Neural networks have successfully been applied to many domains Bengio_2013 ; LeCunBH2015 . Two trends have sparked the use of neural networks in recent years. Firstly, the data volumes have increased dramatically in many domains yielding large amounts of training data. Secondly, the compute power of today’s systems has significantly increased as well, particularly those of massively-parallel architectures based on graphics processing units. Those specialized architectures can be used to reduce the practical runtime needed for training and applying neural networks, which has led to the development of more and more complex neural network architectures AlexNet ; he2016deep ; densenet .
Many machine learning applications require data to be exchanged between servers and clients during the inference phase. For instance, the data might be stored on a server and users have to download the data in order to process them on a local machine. This is the case, for example, in remote sensing, where current projects produce petabytes of satellite data every year Landsat ; Sentinel . The application of a machine learning model in this field to, e. g., monitor changes on a global scale, often requires the transfer of large amounts of image data between the server and the client that executes the model, see Figure 1. Similarly, data have often to be transferred from clients to servers for further processing. For instance, data collected by mobile devices are transferred to remote servers for the analysis conducted by virtual assistants such as Amazon’s Alexa, Apple’s Siri, or the Google Assistant.
While the reduction of the training and inference runtimes have received considerable attention CoatesHWWCN13 ; Han2015 ; GordonENCWYC18 ; NIPS2016_6250 ; pmlr-v70-kumar17a ; XuKWC2013 , relatively little work has been done regarding the transfer of data induced by such server/client based scenarios. However, this data transfer between clients and servers can become a severe bottleneck, which can significantly affect the way users can make use of the available data.
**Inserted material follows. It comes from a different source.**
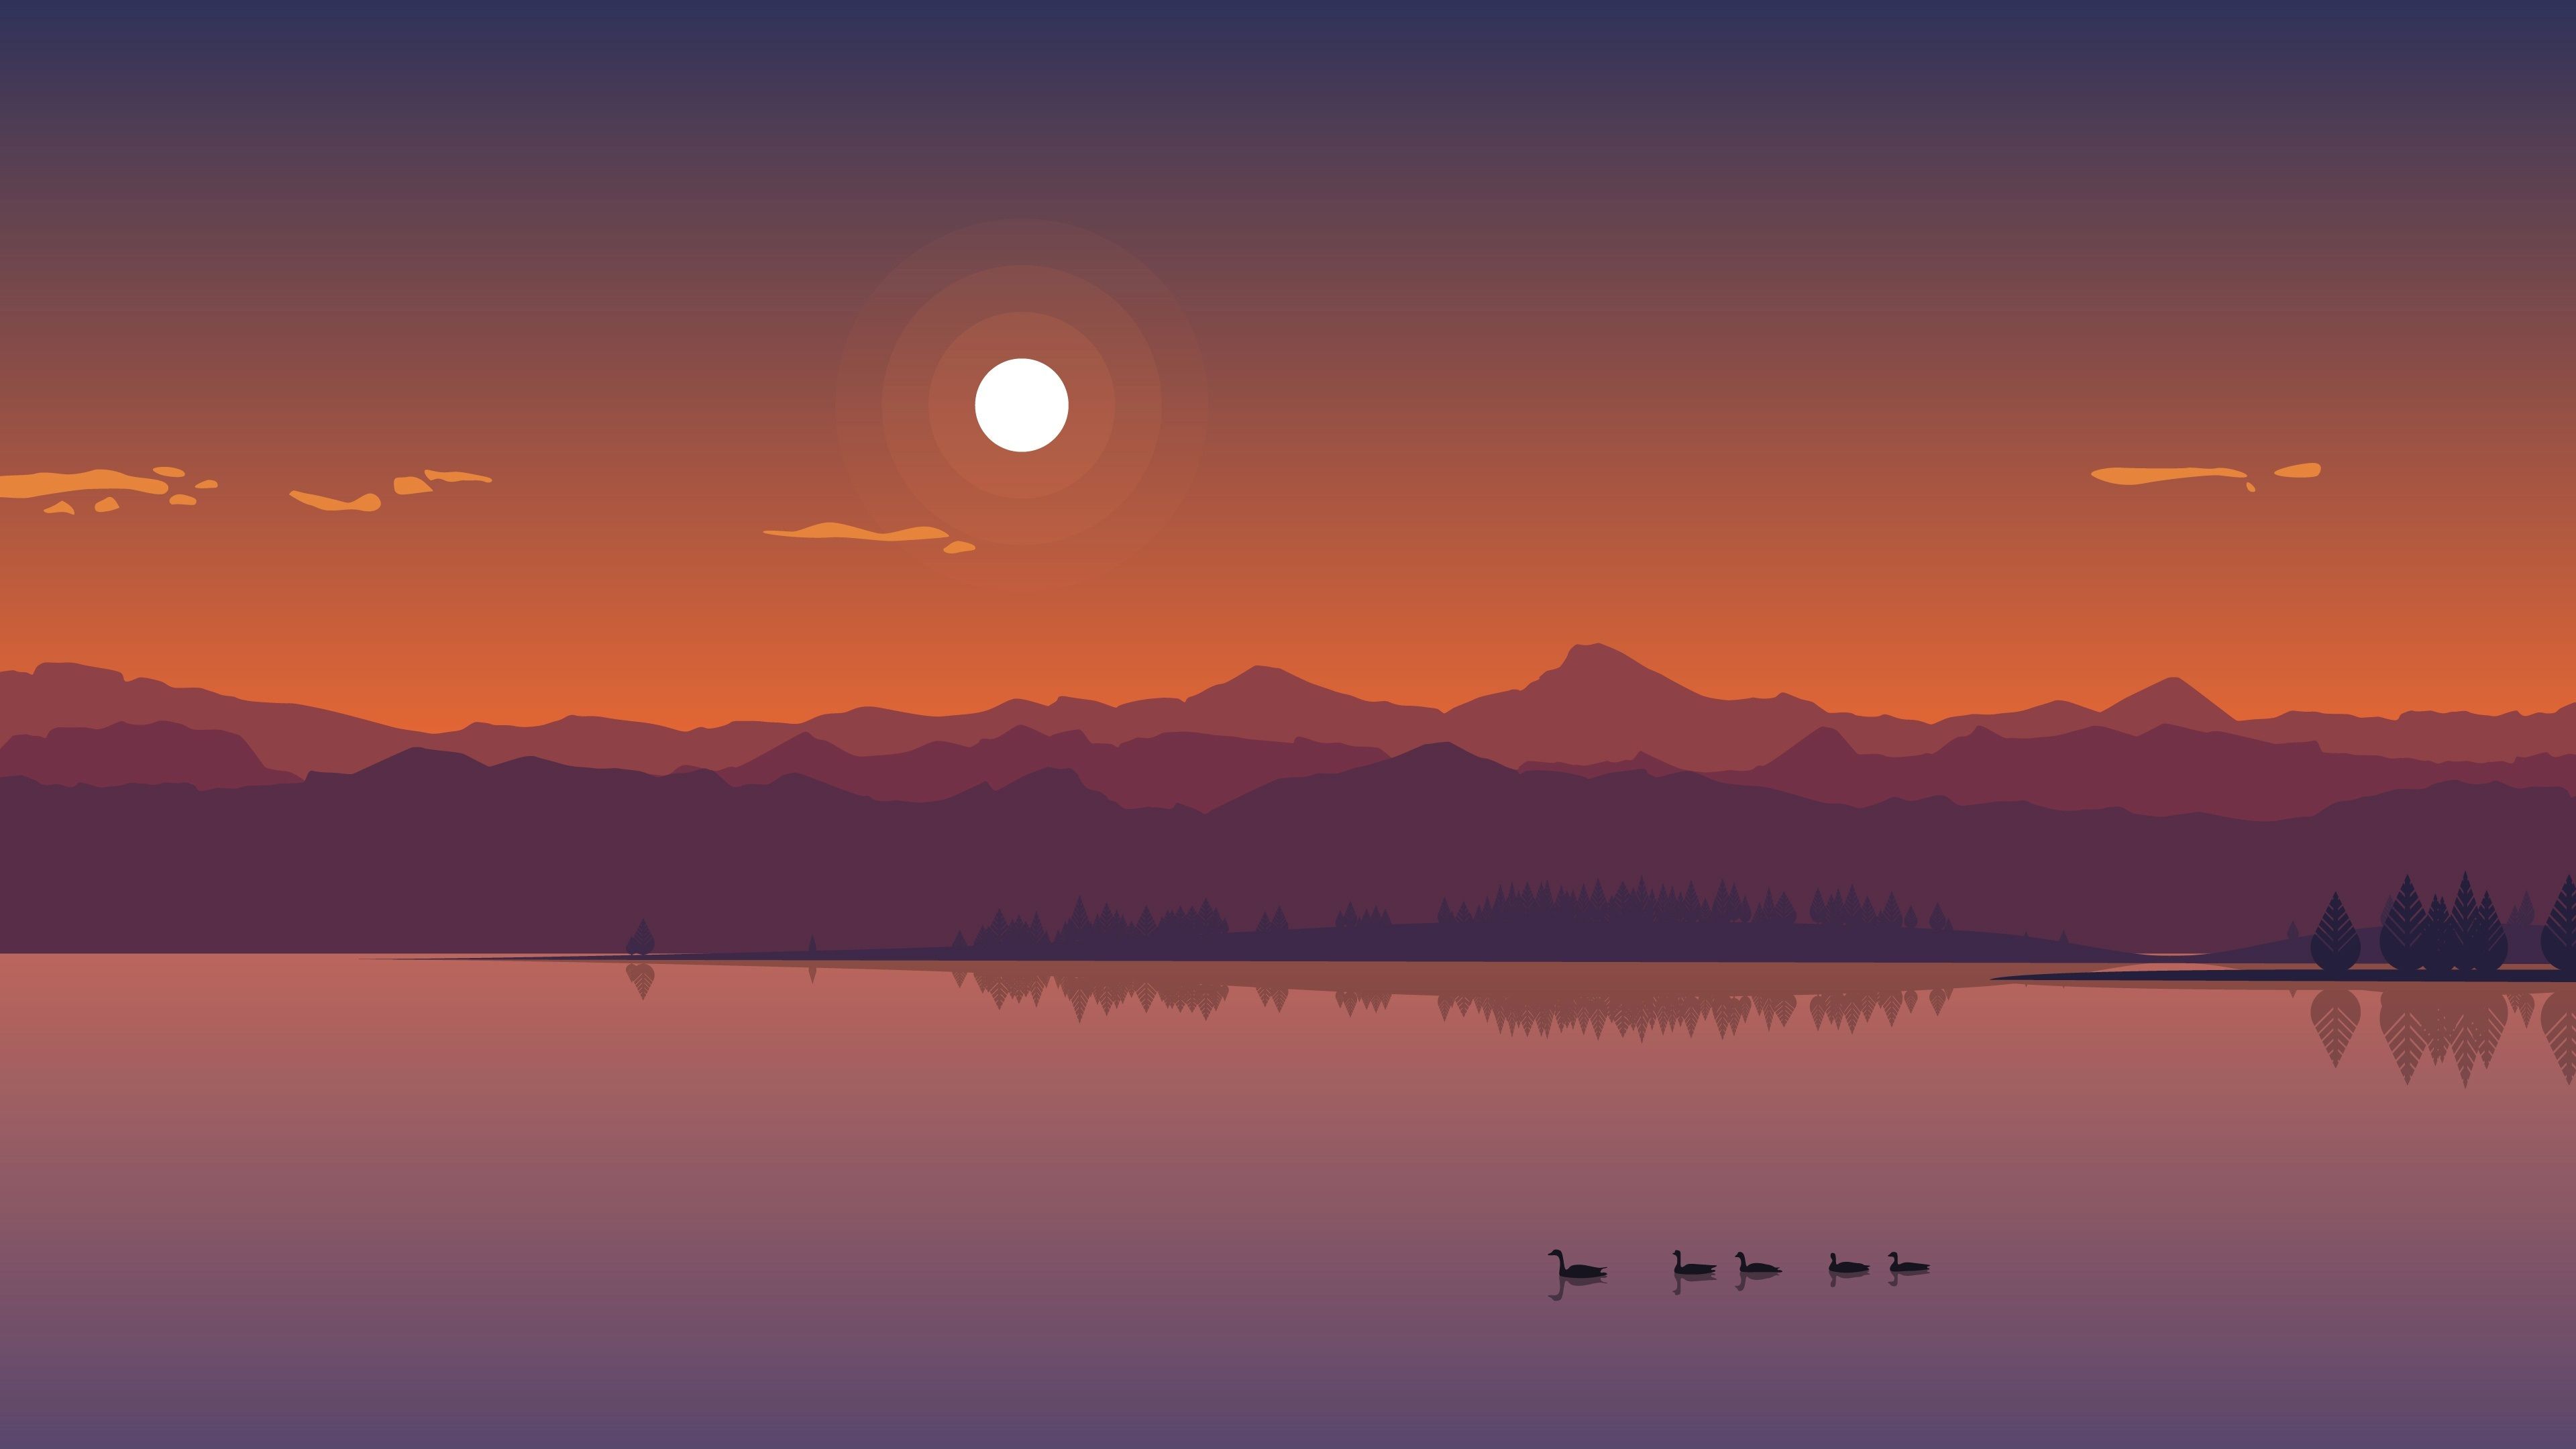 Wallpaper River, mountains, ducks, sun, dusk, vector art picture 3840x2160 UHD 4K Picture, Image

In some cases the necessary data transfer can be reduced based on prior knowledge (e. g., in case one knows that only certain input channels are relevant for the task to be conducted). Also, for some learning tasks, the data transfer can be reduced by extracting a small amount of expressive features from the raw data. In general, such feature based reductions have to be adapted to the specific tasks and might also lead to a worse performance compared to purely data-driven approaches.
Contribution: We propose a framework that allows to automatically select those parts of the input data that are relevant for a particular network. In particular, our approach aims to select the minimal amount of data needed to achieve a model performance that is comparable with one that can be obtained on all the input data. The individual selection criteria can be adapted to the specific needs of the task at hand as well as to the transfer capabilities between the server and the clients. As shown in our experiments, our framework can be used to sometimes significantly reduce the amount of data needed to be transferred during the inference phase without affecting the model performance much.
2 Related Work
Reducing the practical training time has gained significant attention in recent years. This includes the use of specialized techniques such as massively-parallel or distributed implementations CoatesHWWCN13 ; NIPS2012_4687 ; NIPS2018_8028 . Approaches aiming at an efficient inference phase have been proposed, including schemes that aim at reducing the weights of networks or at reducing the amount of floating point operations needed during inference Han2015 ; GordonENCWYC18 . Similarly, methods that aim at small tree-based models have been suggested pmlr-v70-kumar17a ; XuKWC2013 . The transfer of data during the inference phase has been addressed as well such as constructing machine learning models under the assumption of a limited prediction-time budget. For instance, Nan et al. NIPS2016_6250
propose a method that prunes features during the construction of random forests such that only few are needed during the inference phase (thus, avoiding costs for the computation and the transfer of the features). In some cases, data compression can be used to reduce the amount of bytes needed to be transferred (e. g., images compressed via JPEG). However, this usually requires to retrain a network to find a suitable compression level, which is not known beforehand. Further, such compressed versions might not be available on the server/client side.111Our framework can handle these compression scenarios as a special case, where the optimal compression level is automatically selected during the training phase. Deep neural networks have also been used to compress image data 7999241 , but the resulting compressed versions are independent of the learning task.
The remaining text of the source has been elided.